Lucky us. Months and months of McArdle explaining patiently that nobody can do anything ever, unless it helps the rich. I can't wait.

12 comments:

fish said...

Government is also not well suited to creating a lot of satisfying and remunerative jobs.
Un-freaking-believeable:

Teacher
Fireperson
Policeperson
Librarian
Facility Maintenance
Parks and Rec
Lifeguard
Scientist
Construction
Administrator
Lawyer
Judge
Coach
Inspector
etc. ad fucking nauseam

Susan of Texas said...

By the time the right is done all those jobs will be privatized.

fish said...

By the time the right is done all those jobs will be privatized.

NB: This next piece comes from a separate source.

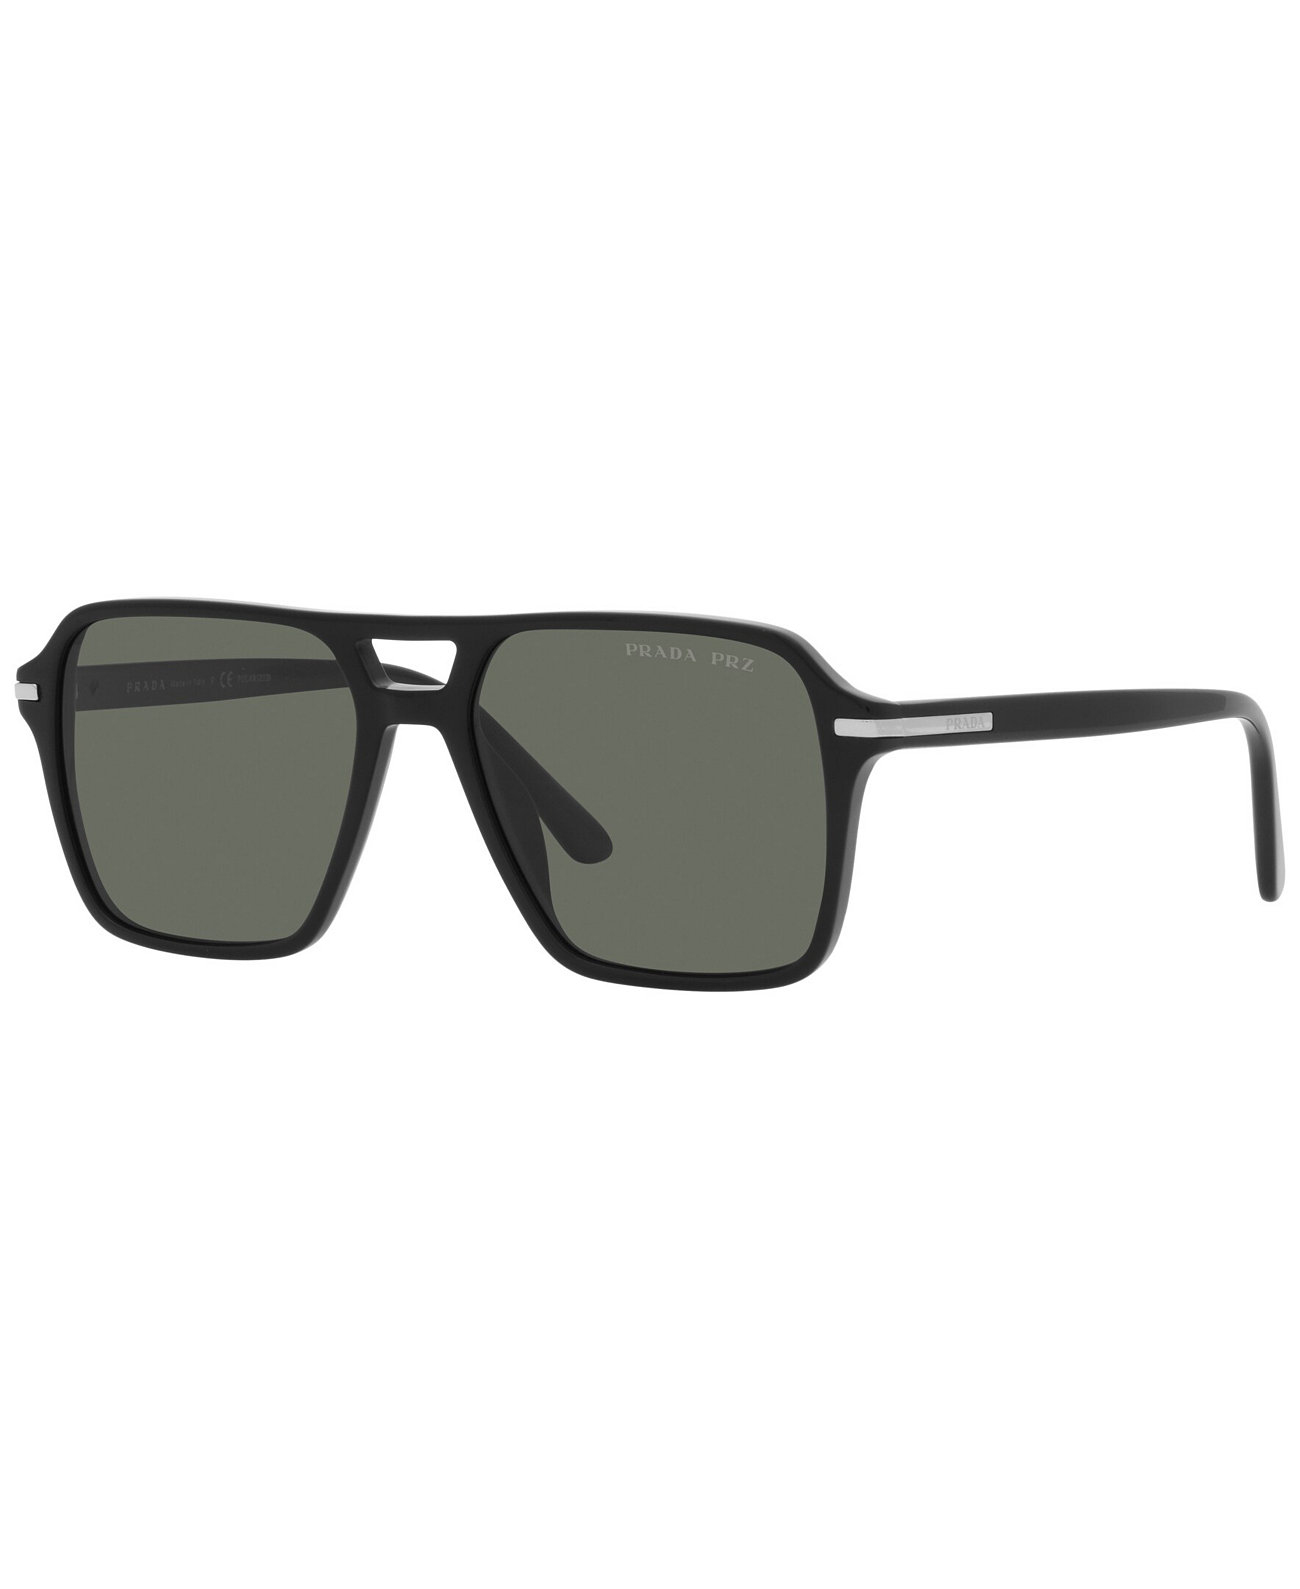 Мужские поляризованные солнцезащитные очки, 55 Prada

And they wont be satisfying or remunerative anymore...

Susan of Texas said...

This is why we say it's better to address income inequality now than address violence later. If the goal of the elite is ever-increasing profit, the lower classes will continue to be squeezed and will become poorer.

And maybe the 9% as well.

aimai said...

Just the very first one, before I gave up "the government can't get you a better singing voice." Of course it can. Music, and especially vocal music, is extremely inexpensive to teach and can be a natural part of a school curriculum. Everyone should be entitled to a musical education from a very young age and its an incredible builder of community and connection as well. That woman is such a moron that she gives morons a bad name.

Kathy said...

Its really hard to read Arglebargle's "statements" on any subject, she is so abysmally stupid, yet so preening and conceited about her putative brilliance. Blarrgh. I don't know how you do it Susan. I honor your determination.

Susan of Texas said...

Thanks, Katy!

Aimai, if the government can't give you a loving spouse, what was the point of all the Bush-era marriage initiatives? Although if she is saying Bush Administration was inept I'll certainly agree.

ifthethunderdontgetya™³²®© said...

If you didn't know,
you'd swear she's a Poe.
~

Susan of Texas said...

It never fails to astonish me. Her debate with Noah Smith was a hoot--she didn't even try to sound persuasive.

Coker said...

'Scream' and hurl ad hominen insults all you like, but McArdle is right. It's absolute poverty that's the problem, not inequality. And government attempts to do anything meaningful about the latter have always, without exception, ended in failure.

maynardGkeynes said...

IQ test: Do you think McArdle is has a brain in her head?
Answer next week.
Hint: Correct answer is "no."

Susan of Texas said...

Unknown, I have to congratulate you for your ability to track down obscure criticism of one of the deliberately dumbest, most unethical people on the internet. Did you work your way down the list of her critics or was there a search term involved?

You might want to reconsider this hobby. There are a lot of people who have called McArdle dishonest and dumb. In fact, most people call her dishonest and dumb. Trust me, defending McArdle will be a lot of work.